The preservation of the original organic sample can affect carbon dating. Carbon-14, which decays to 14N, is mostly used for dating samples of fairly recent geological age. Most scientists believe that carbon dating is only accurate for dating specimens thought to be between 30,000 and 50,000 years old. Carbon dating is particularly helpful when finding the age of bone, wood, shell, fossils, and other organic samples since they all contain carbon.
These plants and animals use carbon in their basic structure and usually have a good amount of carbon left to be measured. Other radiometric methods that make use of uranium, lead, potassium, and argon measure much longer time periods since they are not limited to the organic remains of prehistoric samples.

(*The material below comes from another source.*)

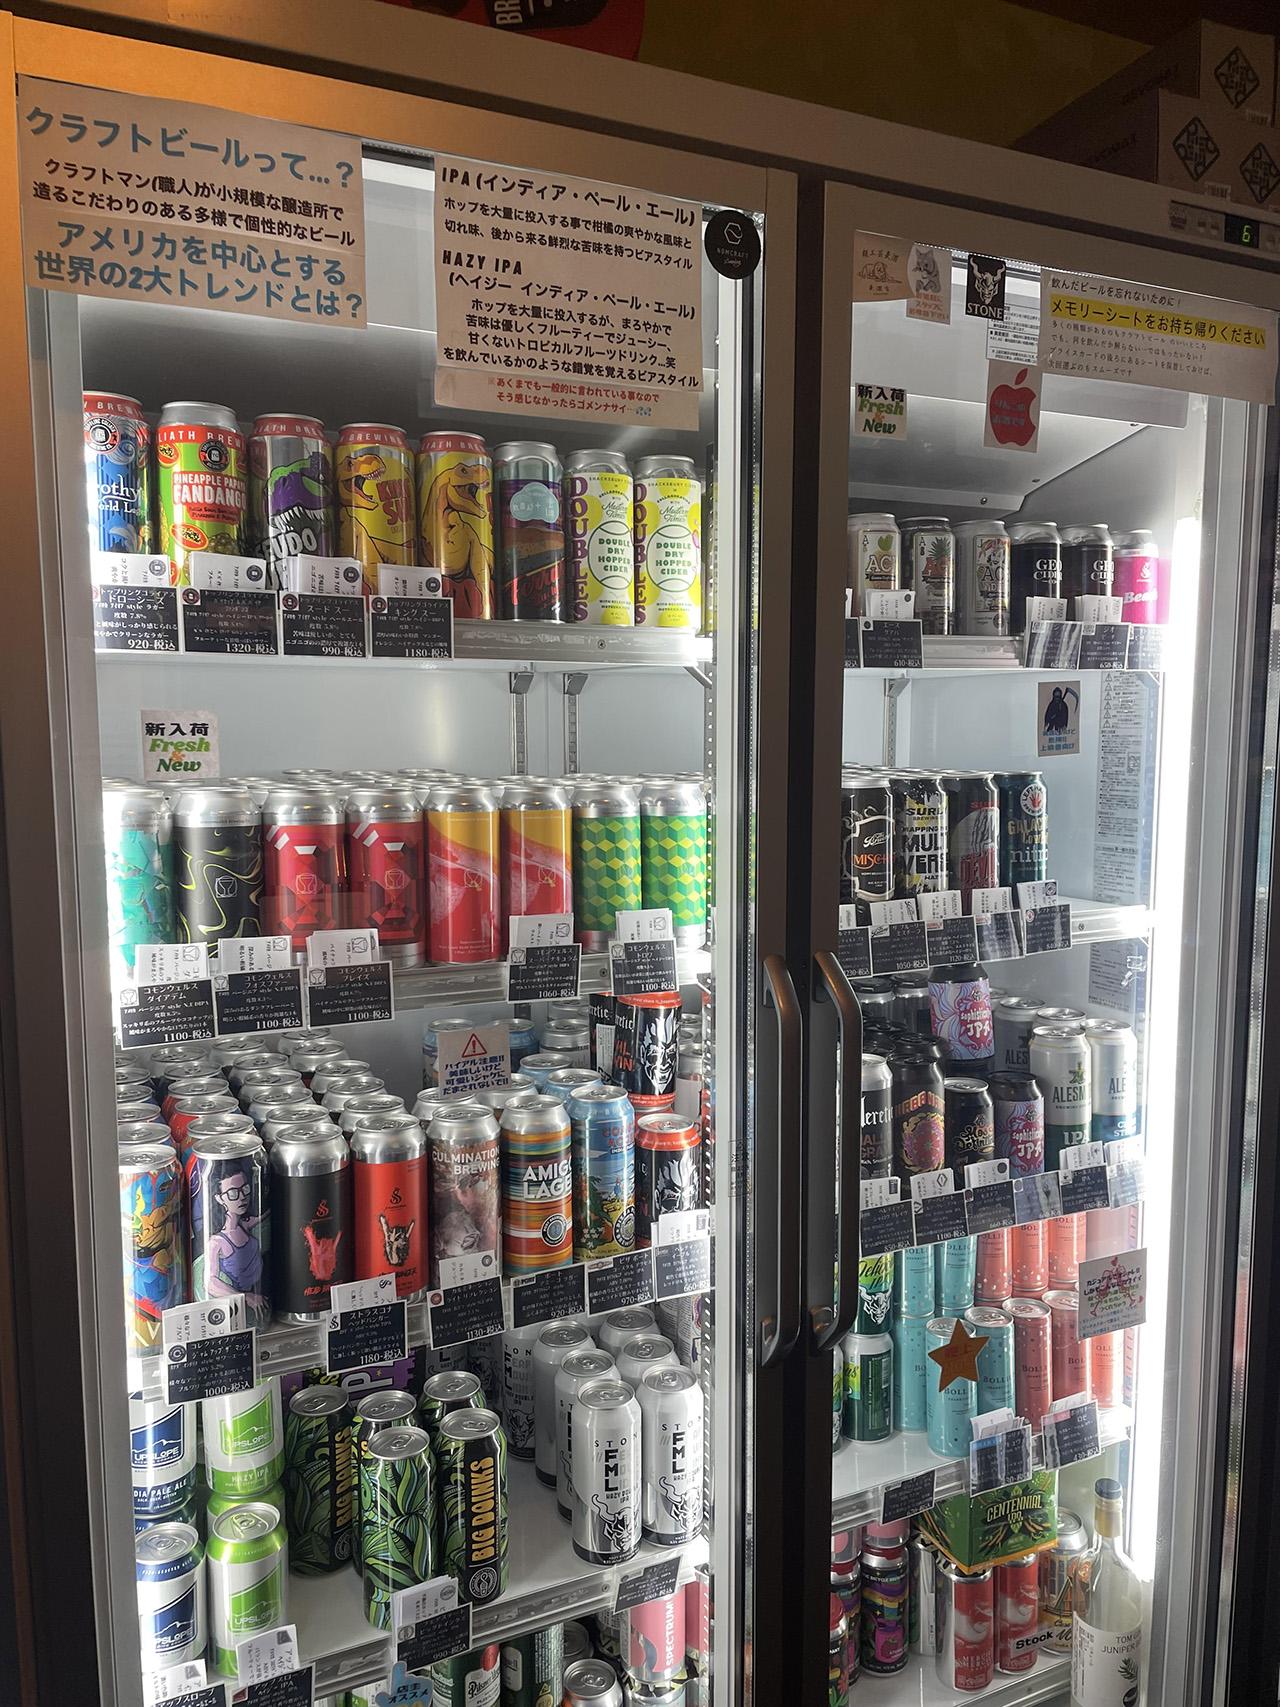 店内の冷蔵庫にビールが並んでいる写真

The table bellow shows a few of the elements used to date samples of different ages. Dating samples is not an exact science. A lot of factors have to be considered when a sample is dated, including its preservation and the amount of erosion and exposure it has suffered. For example, when lead is depleted from a rock sample through erosion, then the uranium used to date the sample through the breakdown of the uranium to the lead end product (daughter) would show an incorrectly young age.
|
Isotopes (original) – (range in years) |
Isotopes (decay products)
|
Half-life (years)
|
Dating accuracy (range in years) |
|
Carbon-14 |
Nitrogen-14 |
5730 |
30,000–60,000 |
|
Rubidium-87 |
Strontium-87 |
4.8 billion |
10 million–4.6 billion |
|
Potassium-40 |
Argon-40 |
1.3 billion |
50,000–4.6 billion |
|
Uranium-238 |
Lead-206 |
4.5 billion |
10 million–4.6 billion |
Geochronological Units
If you visit a Museum of Natural Sciences or Natural History you won’t be looking at brightly colored paintings or finely crafted statues created by human artists. Instead, you will see thousands of fossils and preserved shells and bones of ancient marine life, plants, and animals created by Nature.
These exhibits provide a chronological history of the Earth by displaying rock, plant, and animal specimens. In addition, besides giving the location where each sample was discovered, most museums also date samples according to their place in geological time.

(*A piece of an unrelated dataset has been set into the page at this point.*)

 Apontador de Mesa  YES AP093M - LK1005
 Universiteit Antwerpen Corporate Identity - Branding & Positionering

Geological time is measured and divided into various parts called geochronological units.
Although people sometimes use the word eon to mean a really long time, like ‘‘it has been eons since I visited with my cousin,’’ the term actually comes from the Greek word, eos, meaning ‘‘dawn.’’ Geochronological units start with the major divisions of time called eons. Eons are measured in millions of years. As time dating is refined, the boundaries of the eons may change slightly, but most geological dating is calculated with a margin of error +/-60 million years either way.
The three major eon divisions are the Archean, Proterozoic, and Phanerozoic. The Archean (Greek for ‘‘ancient’’) eon is commonly thought to include the oldest rocks known. It is often called the early Precambrian era which begins with the formation of the Earth, about four billion years ago until about 2500 million years ago. The Proterozoic eon is now thought of as being part of the late Precambrian era.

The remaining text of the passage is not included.